There Was A Sisterhood Amongst The Three Contestants

With their friends and families thousands of miles away, the ladies forged an alliance to help them weed through the group of FBoys. They confided in each other throughout the show and were even a shoulder to cry on when things got tough. All’s fair in love and war, right? Surprisingly, this wasn’t Sara’s, CJ’s, or Nakia’s approach to dating on the show. Although there were more than enough guys to go around for the girls, there weren’t any complicated love triangles that affected the bonded the ladies forged. According to Sara, one of the stars of the dating series, there was this unspoken rule that if one of them was interested in a guy, he was off-limits to the other. As independent and strong women, they were determined not to let the men affect their relationship with each other. The idea of fighting with each other over a guy was something they just weren’t willing to entertain.

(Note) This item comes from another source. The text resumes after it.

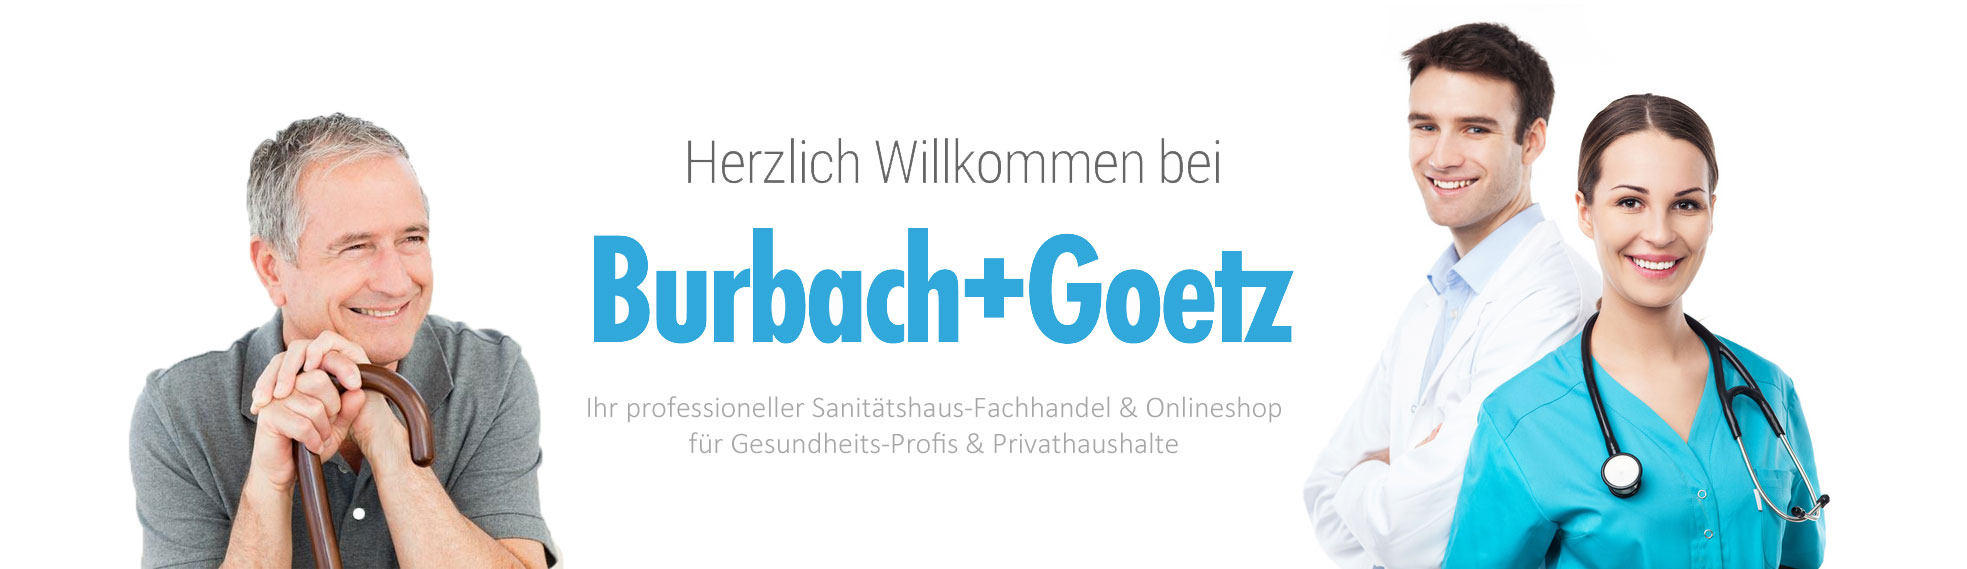 Sanitätshaus Onlineshop + Sanitäts-Fachhandel Burbach+Goetz in Koblenz www.burbach-goetz.de

The Host Was A Strong Role Model

The HBO Max dating series was executive produced and hosted by comedian Nikki Glaser, who played a major role in helping the ladies figure out which of the guys was actually there to make a romantic connection. Although, as the host, Nikii had to stay neutral, she showed her support of the ladies in unexpected ways. When she couldn’t talk to the ladies, she would slip them encouraging notes. In an interview with Esquire magazine, Glasser says, “I truly cared about the girls and was really invested in them making the right decisions.” Nikki also mentioned in the interview that she was ten years older than all of the ladies and probably had a bit more experience dealing with boys. Although her advice wasn’t always the best, she had their backs and did her best to help them navigate the dating scene on the island.

The Women Have The Power

From the very first episode, it’s clear that on FBoy Island, it’s a “woman’s world and the men are just living it.” Nikki opens the show letting the guys know that the women will determine their fate. Putting the power of choice in the hands of the leading ladies frees the women from societal constraints of the male ego. For once, the men are forced to compete and prove their undying love. Guys found out to be FBoys are cast-off to “Limbro,” a bamboo structure with burlaps sacks, and hay for a bed. When in Limbro, the guys have to fend for themselves in slightly undesirable conditions. There’s nothing that says “women empowerment” more than getting revenge on an FBoy for wasting your time.

The Ladies Rely On Their Experience To Help Them Pick The Right Guy

During the show, the leading ladies had to rely on their intuition and years of experience in the dating field to sort through the fake confessions of love, cringe-worthy encounters, and good guys who actually turned out to be FBoys. The constant emotional ups and downs were enough to make any woman call it quits. For the most part, the ladies had great FBoy radar, and they were eventually able to cut off the guys that weren’t good for them. It was quite refreshing to watch a female-centered dating series where the ladies didn’t fall in love overnight, and they didn’t get foolishly blinded by the guys’ charm. Instead, they remained strong, confident, and were capable of making firm decisions. We enjoyed most about this show because it wasn’t just centered around the ladies dating experiences but also put the spotlight on female camaraderie. It didn’t feel like a competition between women. In actuality, the women tried their best to help each other find their perfect match.